In 1993, Robinson was again prevented from leaving the country by a Fianna Fáil government, this time by Albert Reynold's government. Robinson had been invited by the Brookings Institution to co-chair a committee with the stated aim of advising on reform of the UN, on the approach to its 50th anniversary. It emerged that the government were not making the case that there was a constitutional ban on Robinson's appointment, but that they had taken the decision to veto her appointment as a matter of policy, provoking criticism from the media.

On May 27, 1993, Robinson became the first Irish president to visit the United Kingdom in an official capacity, when she met with Queen Elizabeth II at Buckingham Palace. Robinson had previously met Prince Philip in 1991, when she received permission from Haughey to travel to the University of Cambridge to accept an honorary degree, where Philip was then the chancellor. Reportedly, Haughey only realised that the prince was the university's chancellor after he had already granted Robinson permission to travel. Several weeks later, on 18 June, Robinson controversially met with Sinn Féin president Gerry Adams in his West Belfast constituency.

In 1994, Robinson was the first head of state to visit Rwanda in the aftermath of the Rwandan genocide.

Robinson issued her resignation as president in a message to the Ceann Comhairle of the Dáil, taking effect on 12 September 1997. The government stated that her resignation "was not unexpected" and wished her "every success". Robinson resigned to take up appointment as United Nations High Commissioner for Human Rights.

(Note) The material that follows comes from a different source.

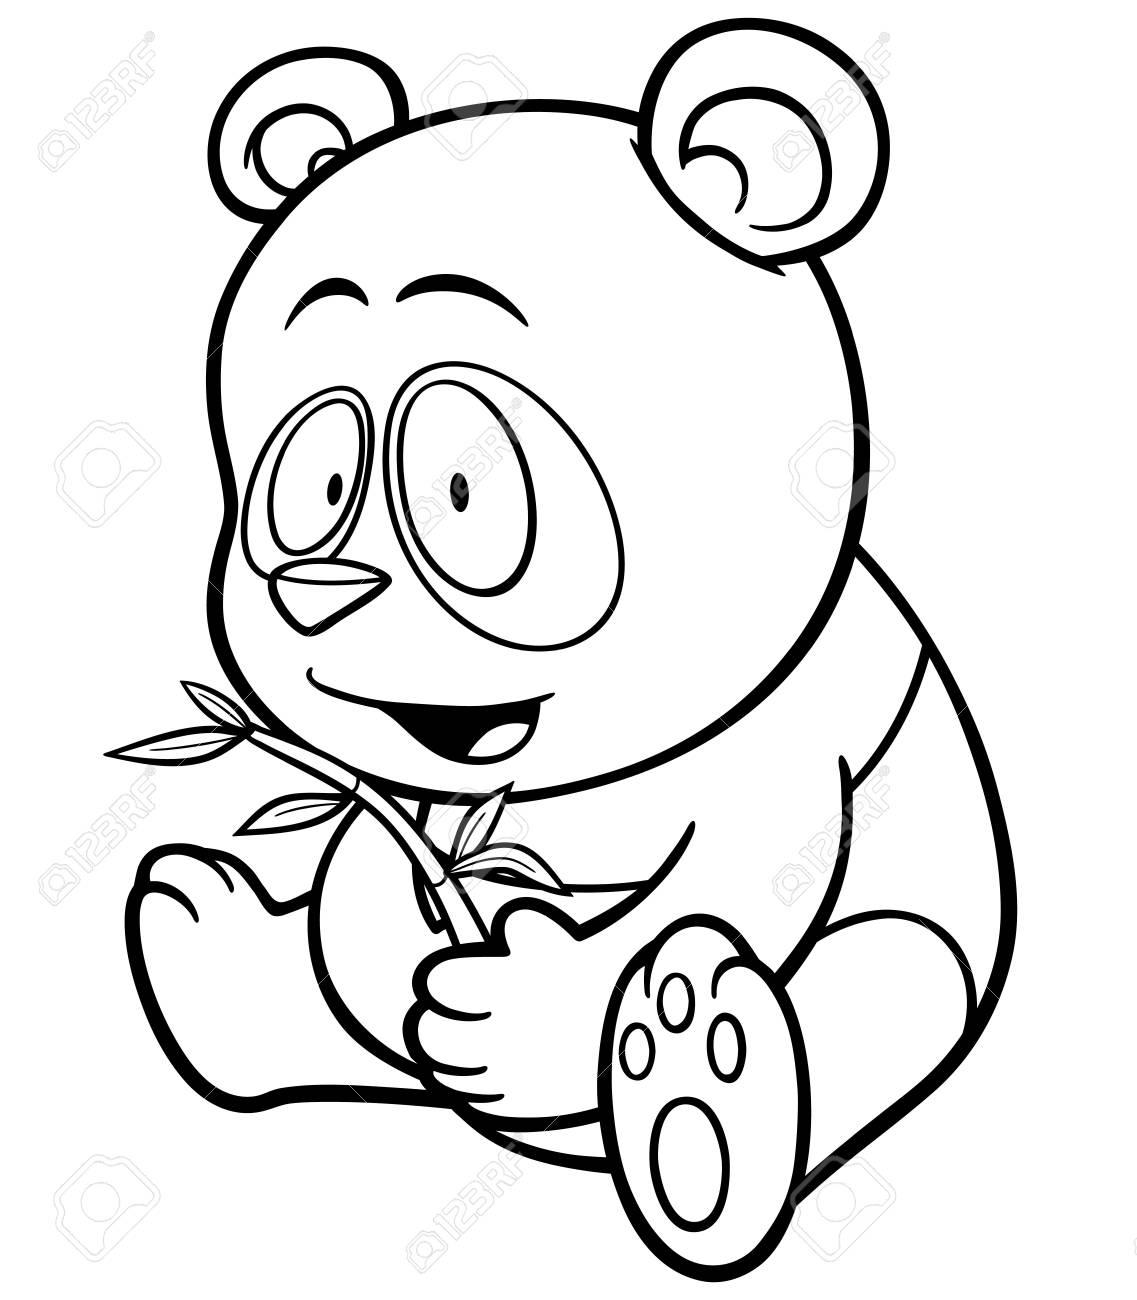 パンダ漫画 塗り絵のイラストのイラスト素材ベクタ Image 52096325

Upon her resignation as president, the role of President of Ireland was transferred to the Presidential Commission (which comprised the Chief Justice of Ireland, the Ceann Comhairle of Dáil Éireann and the Cathaoirleach of Seanad Éireann) from 12 September to 11 November 1997, when the new president Mary McAleese was sworn in. Despite leaving office with just three months remaining in her presidency, Robinson later expressed regret at her early departure, indicating she could have postponed her acceptance of High Commissioner's office.

== Popularity ==
Due to the uncontroversial nature of the role, Irish presidents tend be far more popular than any other Irish politicians. Even so, Robinson was exceptionally popular even amongst other presidents, and her popularity ratings stabilised at a level higher than those of any of her predecessors. Already well known both locally and internationally (in a compendium of Irish women released in 1988, Robinson was described as "Ireland's best known woman politician"), it was in her role as president that Robinson became one of Ireland's most popular politicians. In 1993, a major MRBI survey found that two out of every three Irish women surveyed spontaneously (i.e. without being prompted a list of candidates to choose from) stated that Robinson was the woman they most admired. Regularly polling approval ratings above 90%, approval of President Robinson peaked at 93% among the Irish public.

== Legacy ==
Robinson is credited with having had a transformative effect on the role of president, a role which up until her tenure had been seen largely as a purely symbolic office. Robinson is credited with "paving the way" for her successor, Mary McAleese, who became the first woman to succeed another woman as an elected head of state anywhere on earth.